# LEAF SPRINGS IN FRONT OF G BODY???



## ~SwitchItUp509~ (Aug 1, 2013)

What are leaf springs used for in the front of a g body on hoppers and how are they installed?


----------



## AzsMostHated (May 7, 2009)

Suck the wheels up put square tube by were battery goes standing up bout a foot or weld c channel or square tube off side frame


----------



## 86 Limited (May 7, 2002)

I'm lost. Pics?


----------



## ~SwitchItUp509~ (Aug 1, 2013)

Any pics???


----------



## AzsMostHated (May 7, 2009)

I use trampoline springs that's jus the way I've seen customers cars I worked on


----------



## AzsMostHated (May 7, 2009)




----------



## AzsMostHated (May 7, 2009)

What ever way you go don't make it suck wheels up to tight leave a Lil slack if not you will be bottoming out


----------



## AzsMostHated (May 7, 2009)




----------



## Hannibal Lector (Oct 10, 2006)

I like the leafs cuz its easier and cleaner but I got acustom to using garage springs.


----------



## MUFASA (Aug 16, 2005)

I have mine mounted on the frame by the core support bolts.


----------



## Hannibal Lector (Oct 10, 2006)

Leafs are soooo much easier to work with when u need to change out or replace


----------



## 86 Limited (May 7, 2002)

So what's the purpose? To suck the heels in while its in mid air to get more inches?


----------



## AzsMostHated (May 7, 2009)

More inches car also hops quicker


----------



## Dumps (Jan 7, 2002)

So what you are saying is that a full stack is not needed for big inches.


----------



## AzsMostHated (May 7, 2009)

I run 4 1/2 turns single pump 92 inches


----------



## Hannibal Lector (Oct 10, 2006)

I'm doing 4-1/2 turns doing 75" single bmh piston. 
My double did 88"@ 4-1/4 turns. Lol I cut too much accidentally so I added a few donuts loll


----------



## ~SwitchItUp509~ (Aug 1, 2013)

Can anyone help out and put some pics


----------



## Hannibal Lector (Oct 10, 2006)

Damn I ain't got pics right now


----------



## PAKO PRIMERO (Oct 28, 2009)




----------



## Hannibal Lector (Oct 10, 2006)

Shayens ride. He's a chipper chip lol


----------



## 84Cuttinthrough (Apr 2, 2005)

MUFASA said:


> I have mine mounted on the frame by the core support bolts.


 any pictures?


----------



## Hannibal Lector (Oct 10, 2006)

People will run a square tube from side of frame. Where the core support is mounted.


----------



## Hydros (Apr 30, 2002)

Huh!!??

Are you all saying helping the tires to get sucked up into the well is all legit, and not considered ghetto? I thought that was only allowed for dancers. 

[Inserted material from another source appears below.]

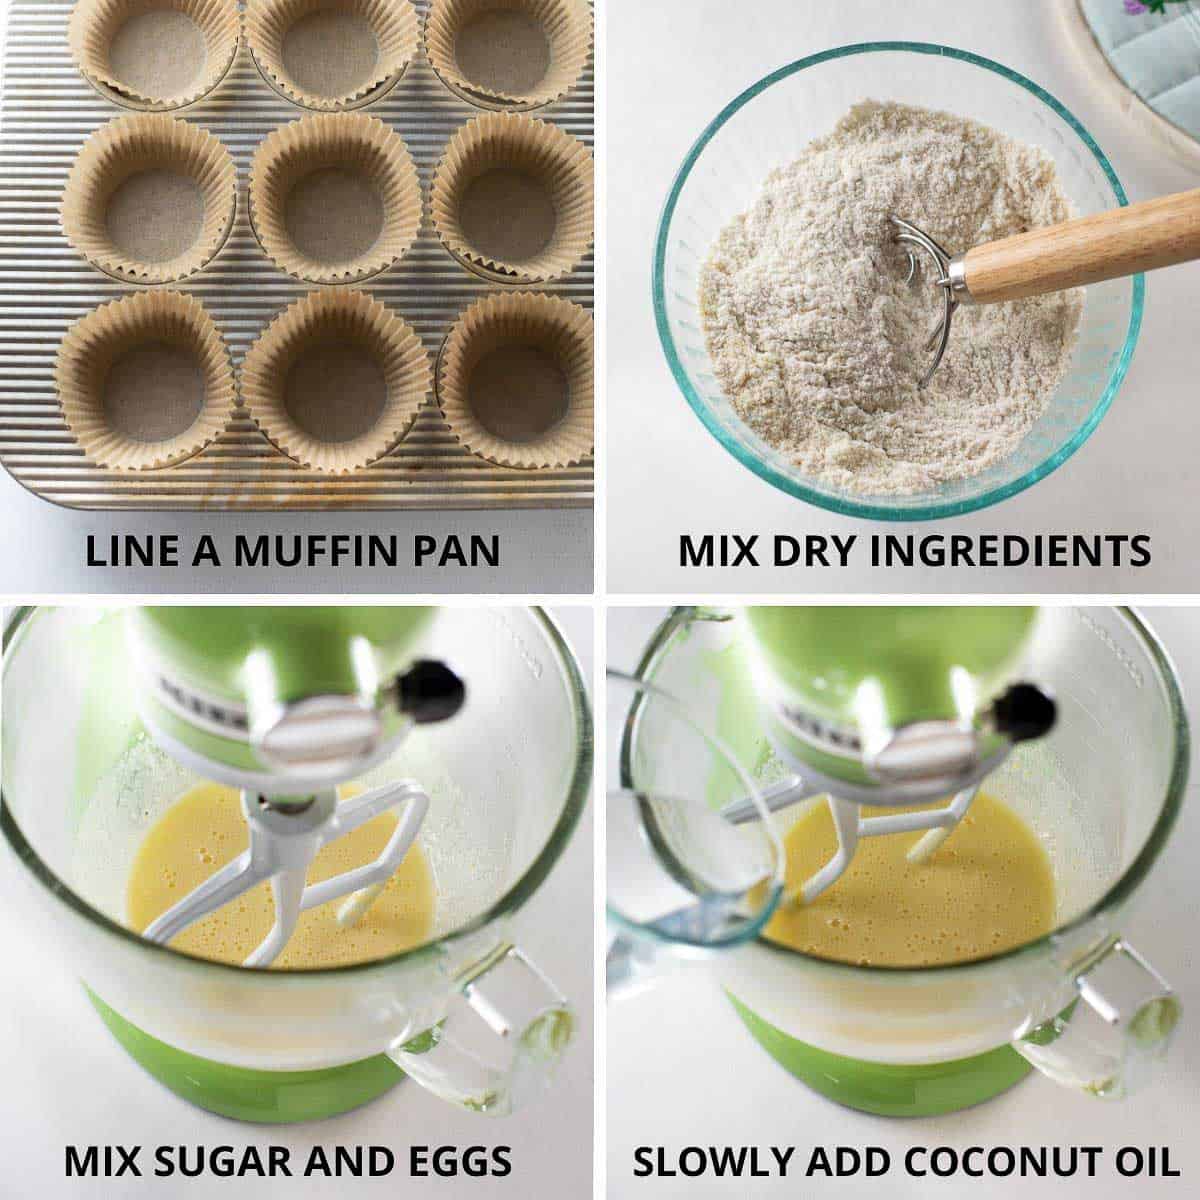 how to mix together the muffin batter in the stand mixer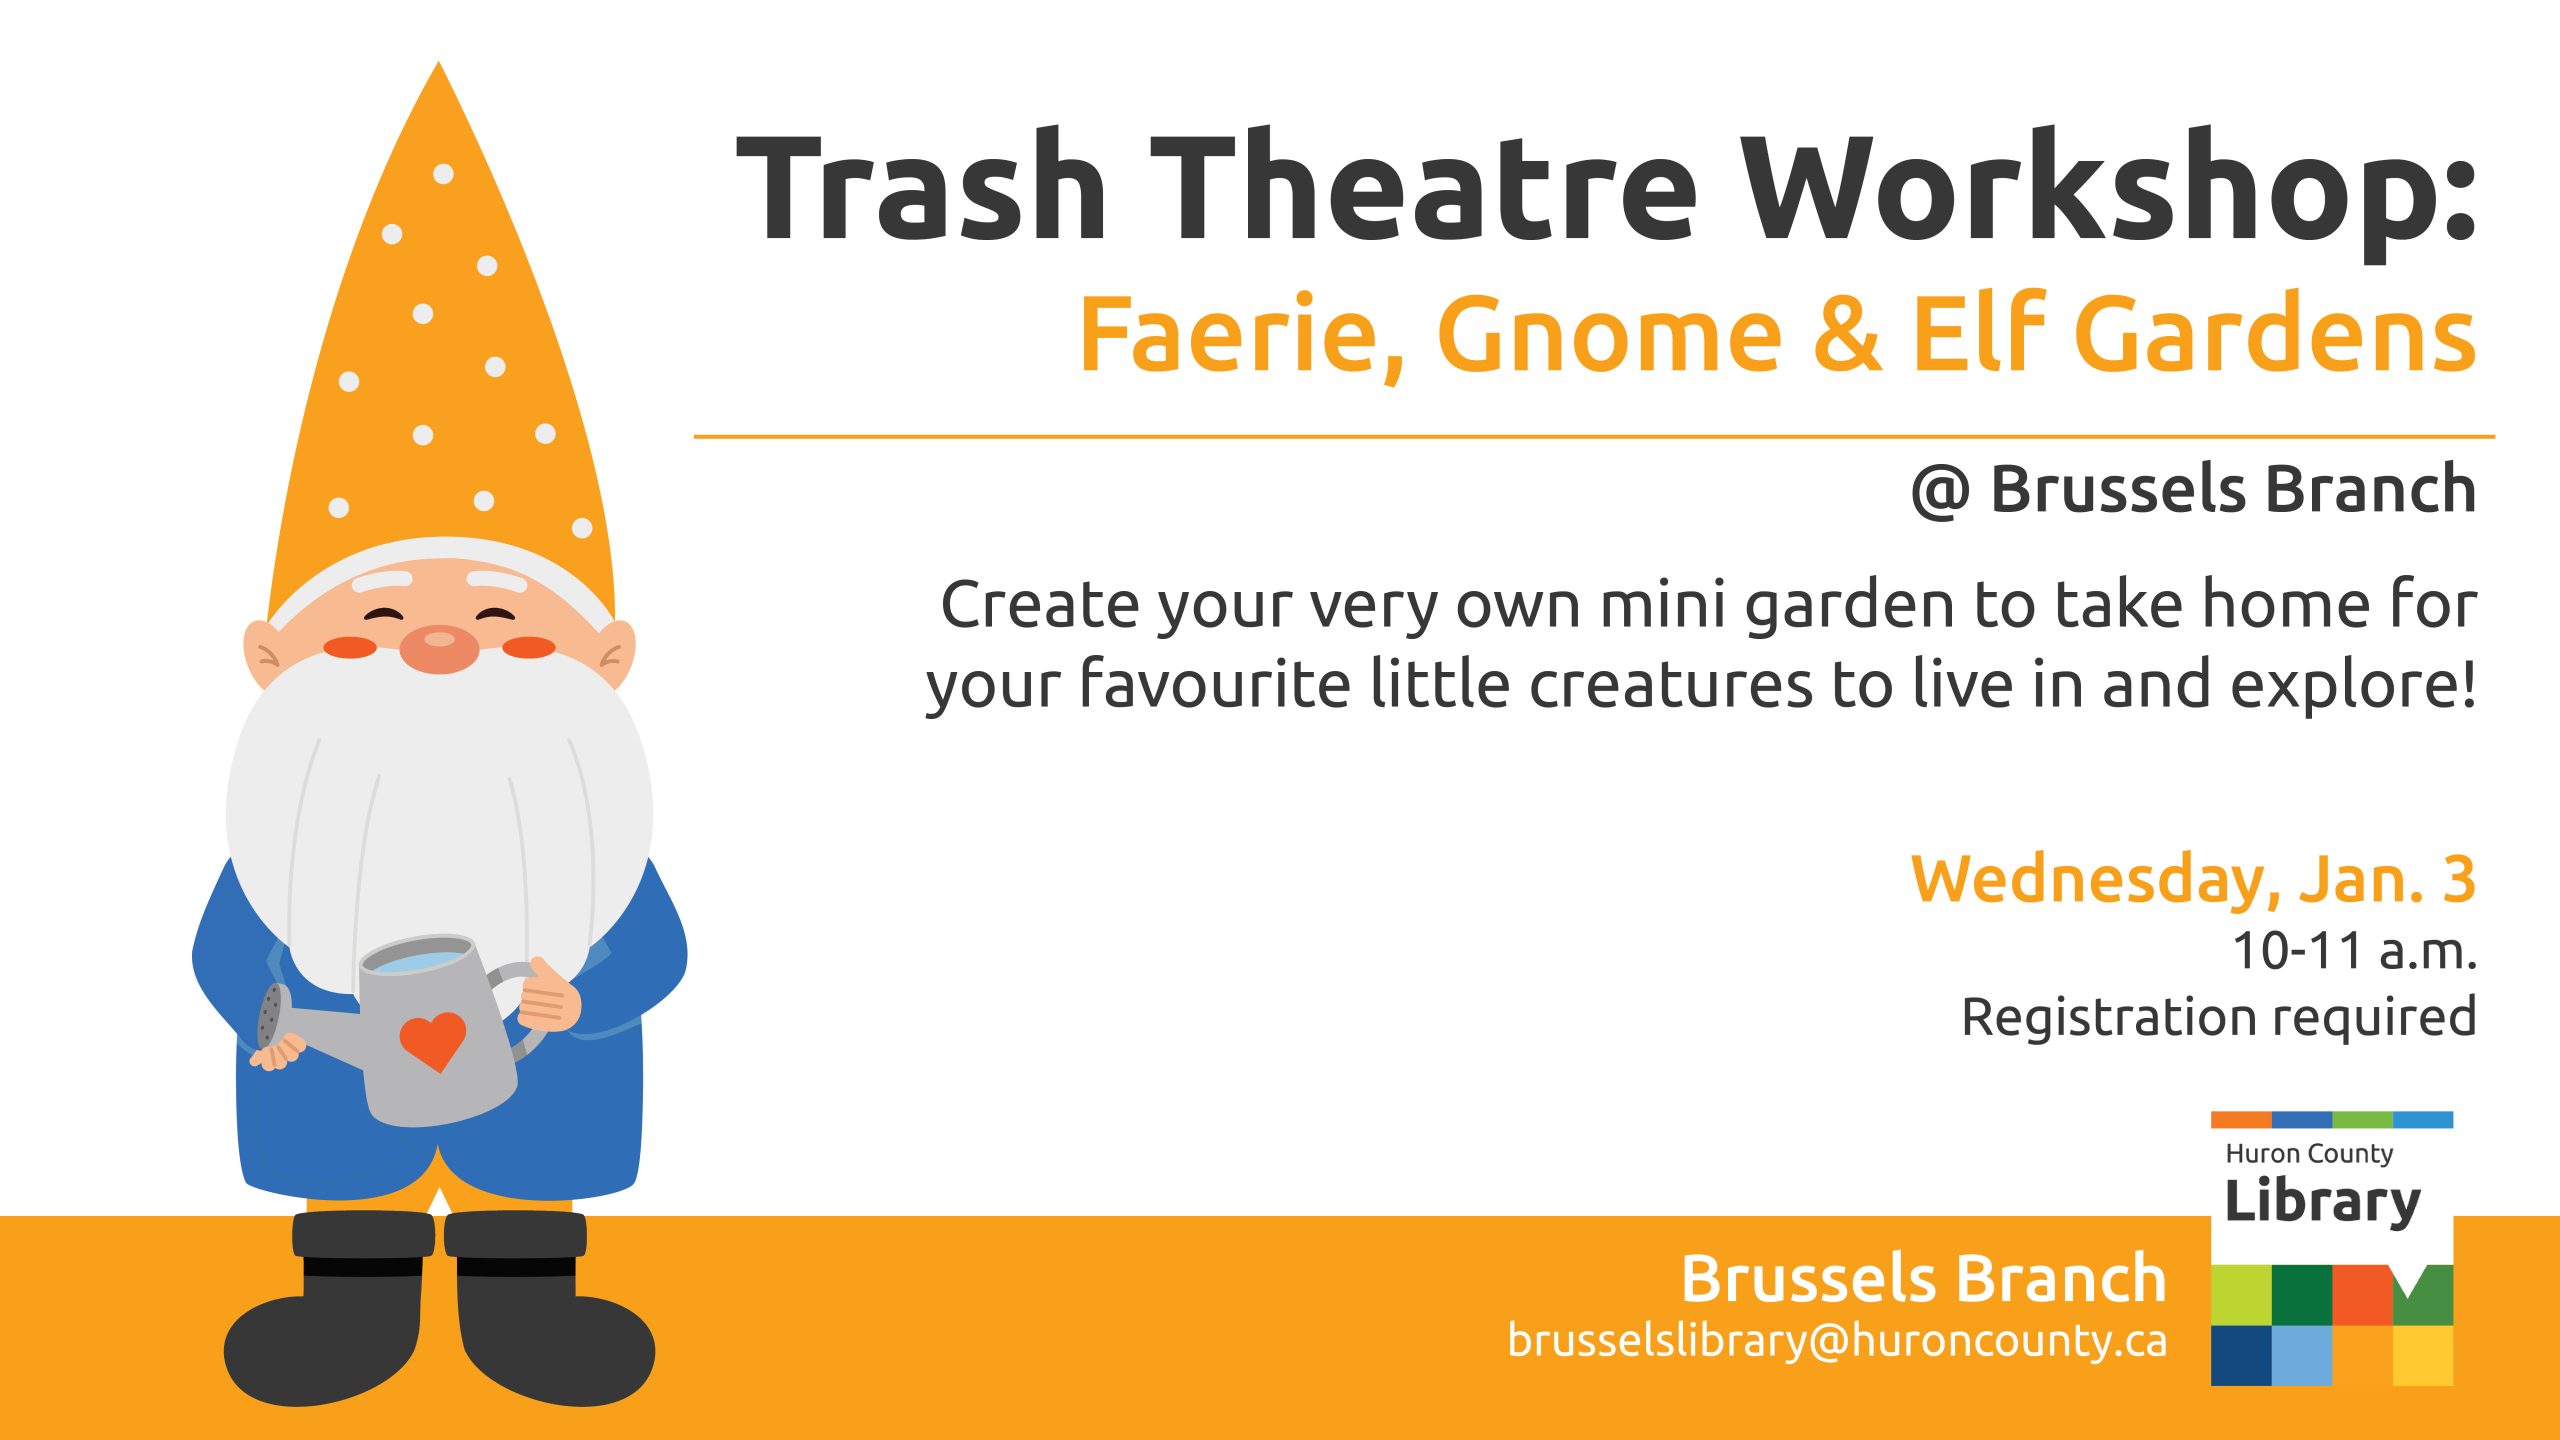 Illustration of a gnome with text promoting workshop at Brussels Branch

Way back in the day, I used oversize rubber bushings (under the upper arm) with motorcycle coils over them.


----------



## Hannibal Lector (Oct 10, 2006)

Not considered ghetto. If it gives u more inchea, why not. No ****. But its been done for the past few years.


----------



## DIPN714 (Oct 17, 2007)

JUST USE POWER


----------



## Hannibal Lector (Oct 10, 2006)

Custom grill


----------



## ~SwitchItUp509~ (Aug 1, 2013)

Pics???


----------



## AzsMostHated (May 7, 2009)




----------



## AzsMostHated (May 7, 2009)




----------



## AzsMostHated (May 7, 2009)




----------



## 84Cuttinthrough (Apr 2, 2005)

thanks for the up close pics! :thumbsup:


----------



## Hannibal Lector (Oct 10, 2006)

Is that street cylinders up front


----------



## AzsMostHated (May 7, 2009)

No idea not my car


----------



## Hydros (Apr 30, 2002)

Dumps said:


> So what you are saying is that a full stack is not needed for big inches.


2nd


----------



## D-D-DJ GORDO (Aug 17, 2009)

Hydros said:


> Huh!!??
> 
> Are you all saying helping the tires to get sucked up into the well is all legit, and not considered ghetto? I thought that was only allowed for dancers.
> 
> Way back in the day, I used oversize rubber bushings (under the upper arm) with motorcycle coils over them.


Any pics of the motorcycle spring setup?


----------



## 1sikMC (Aug 17, 2004)

AzsMostHated said:


> View attachment 742089


I don't know Wats more ghetto the way leaf springs set up is or the pitch fork holding hood up lol


----------



## SERIOUS (Jun 11, 2002)

Interesting .. I've heard of the garage spring thing back in the day.. Has anyone tried to modify the sway bar to act like a torsion bar.? Figure it might work kinda the same way but look more stock / clean..


----------



## SERIOUS (Jun 11, 2002)

Or what about running a mono leaf thru the crossmember to push up on the lowers? Like the leafs in the 80's sevilles..?


----------



## MUFASA (Aug 16, 2005)

SERIOUS said:


> Or what about running a mono leaf thru the crossmember to push up on the lowers? Like the leafs in the 80's sevilles..?


Thats been done, but its kinda a pain in the ass when u need to change coils, or rebuild strokes, etc...


----------



## Dumps (Jan 7, 2002)

SERIOUS said:


> Interesting .. I've heard of the garage spring thing back in the day.. Has anyone tried to modify the sway bar to act like a torsion bar.? Figure it might work kinda the same way but look more stock / clean..


I have seen the sway bar welded to the frame to do the same thing.


----------